This simple approach using only 5 key questions can dramatically increase your likelihood of success.
These questions generate the necessary information and perspective to help you make good decisions.
Step One is to determine the missing information that each question has the ability to generate. Then write sub-questions to obtain this information.
I’m providing a few thought starters, but every situation requires a tailored list of sub questions.
1. Who?
- Who is responsible?
- Who will help?
- Who will provide funding?
- Who will try to block us?
- Who will buy the output?
2. What?
- What’s the product or service, including ourselves, if we’re looking for a job?
- What is the funding we have to work with?

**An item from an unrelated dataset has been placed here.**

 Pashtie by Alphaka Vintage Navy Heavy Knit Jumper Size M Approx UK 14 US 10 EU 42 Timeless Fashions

- What are the obstacles to overcome?
- What is a better option?
- What should we do next?
3. When?
- When do we get started?
- When do we get funding?
- When do we ship?
- When is this due?
- When is the next checkpoint we have to make?
4. Where?
- Where do we meet?
- Where do we find funding? (Note how funding is a recurring sub-question.)
- Where do we distribute?
- Where can we find the necessary resources?
- Where’s the critical roadblock?
5. Why?
- Why are we doing this?
- Why are we proceeding this way?
- Why aren’t we getting buy in?
- Why are we behind schedule?
- Why is the boss so upset?
For every issue and opportunity, you should start with these five key questions and develop your own relevant subset of more exacting questions to find the golden nuggets and potential bombs.

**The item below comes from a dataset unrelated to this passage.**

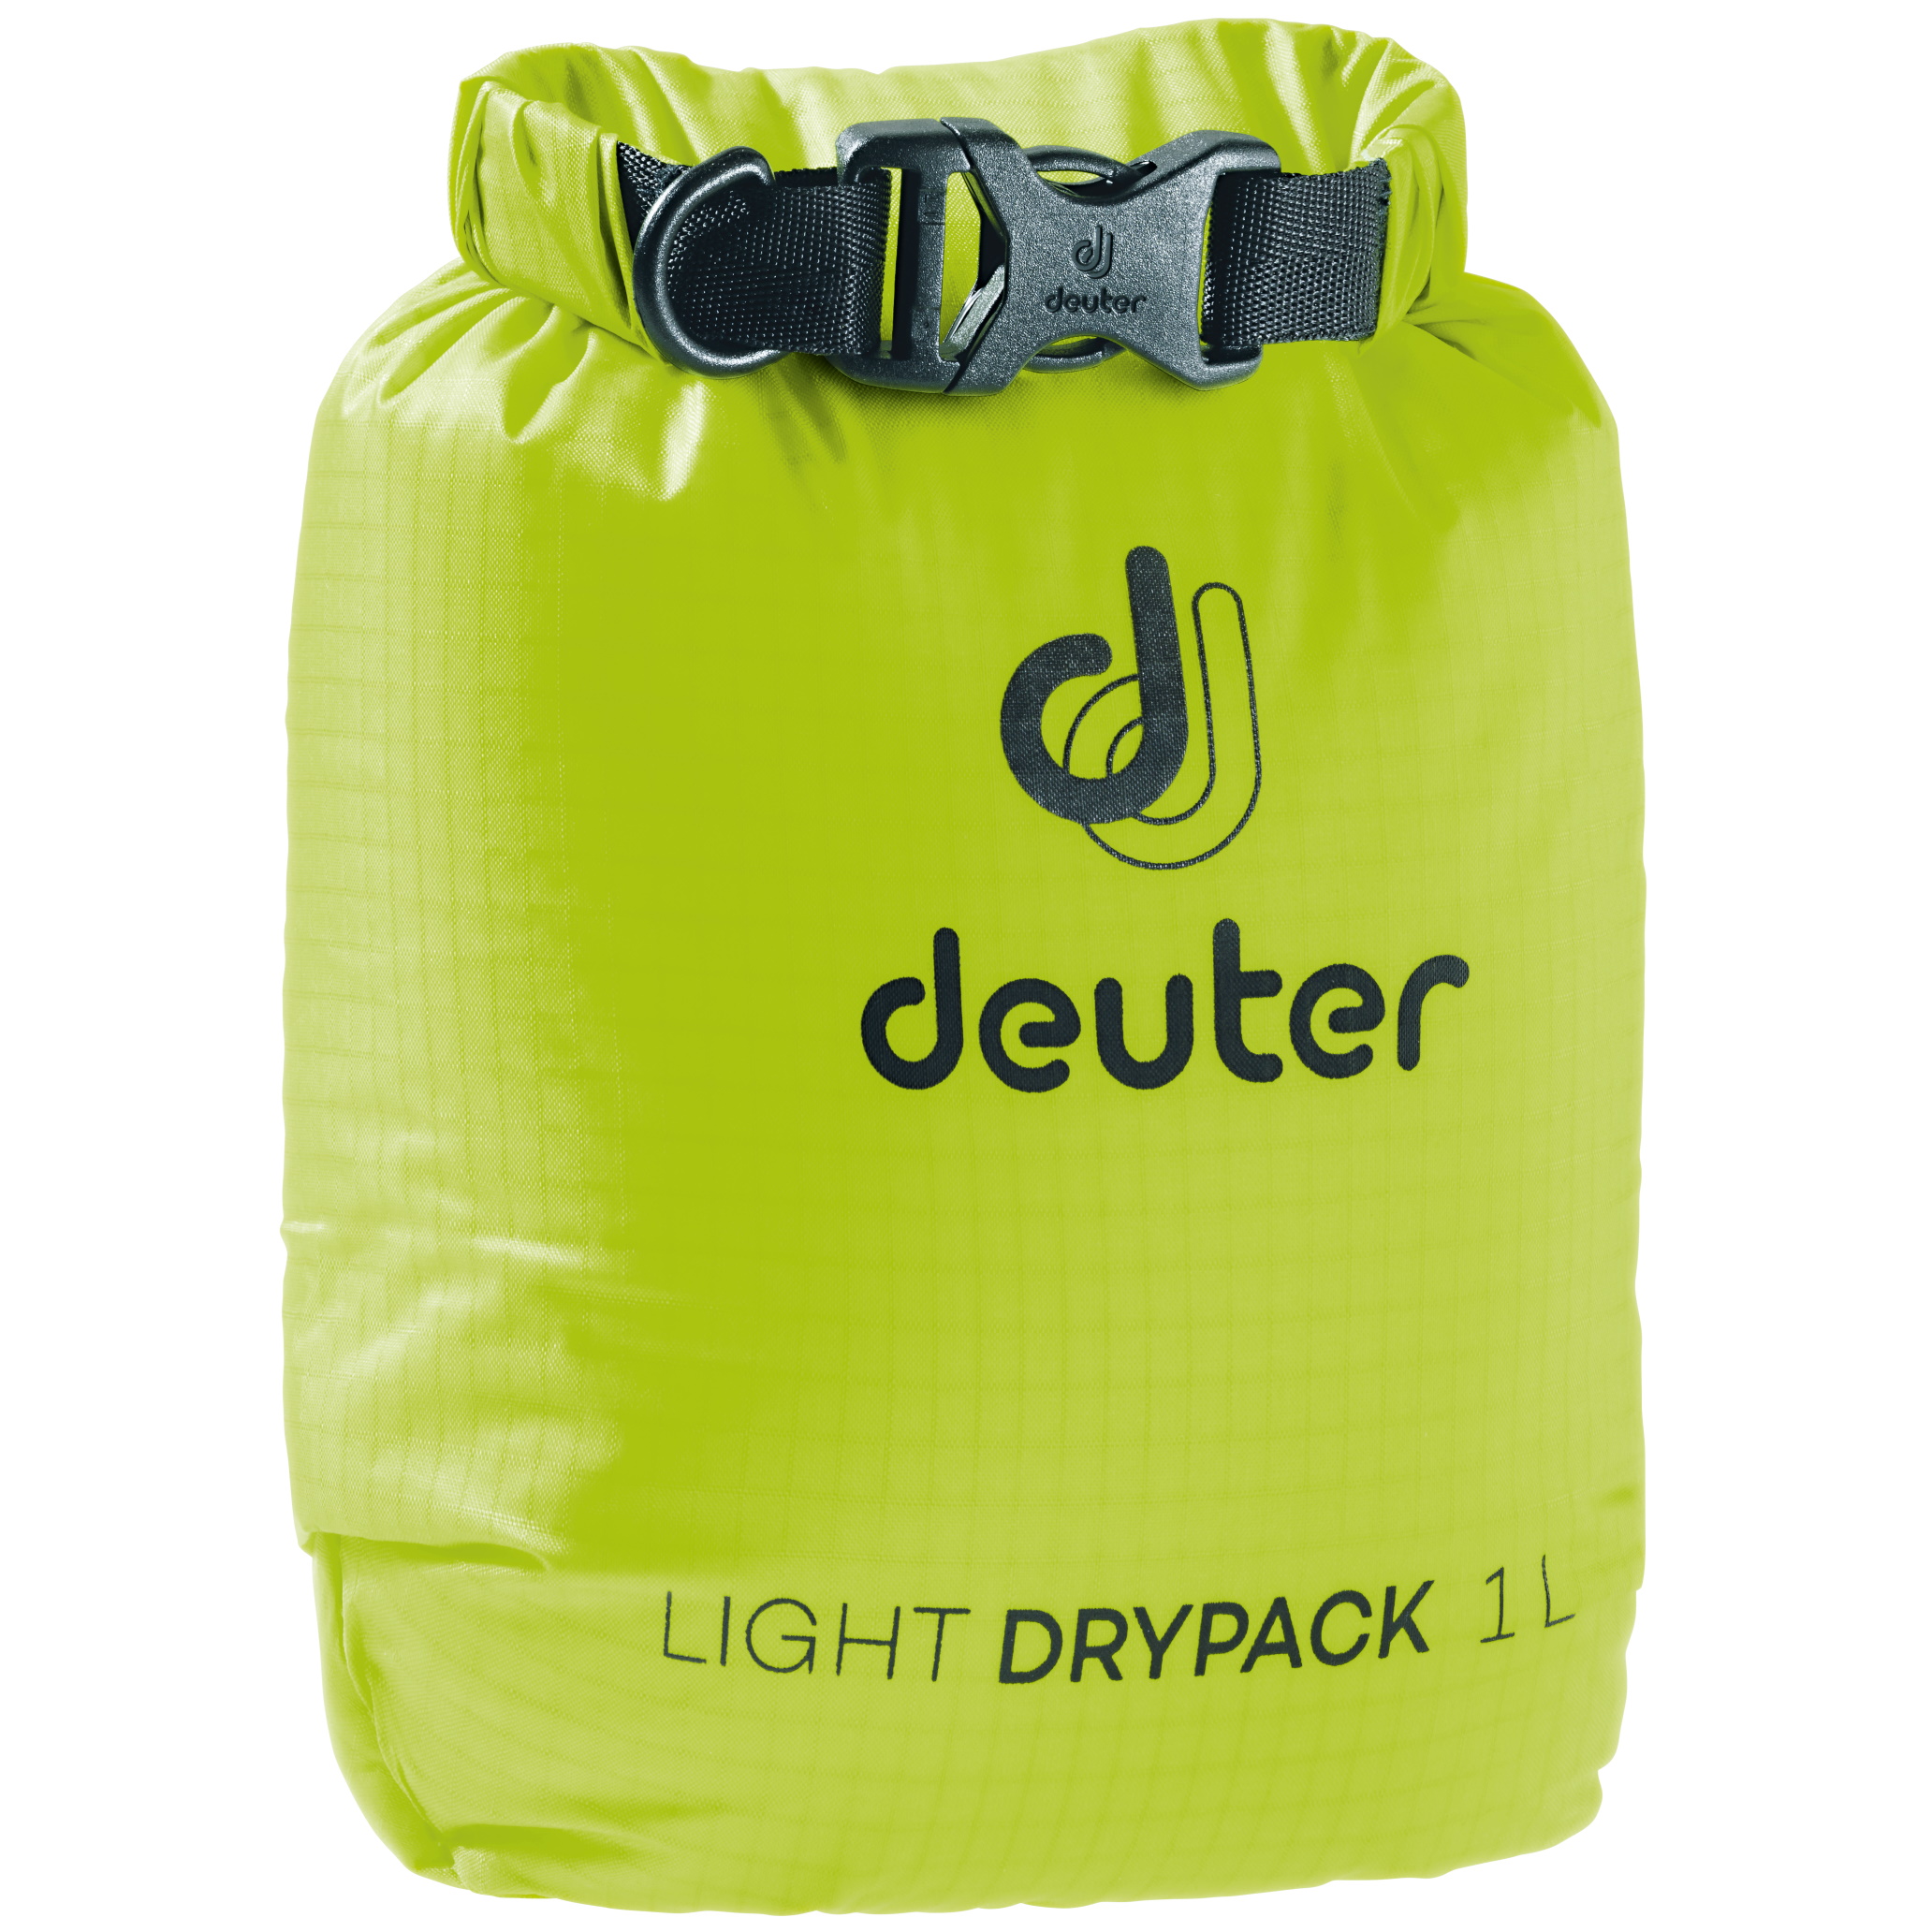 Deuter Light Drypack 1 Citrus

Some people think “How Much” is a sixth key question. Personally, I believe it’s a sub-question AND a result of those I’m recommending. Regardless, how much you have to invest and how much you need to earn obviously are critical outputs of my approach.
Step Two is to answer your questions.
The more value you see in this approach, the more:
- Effort you’ll put into getting actionable answers, and
- Time you’ll spend working to understand how the answers must be combined into decisions and action plans.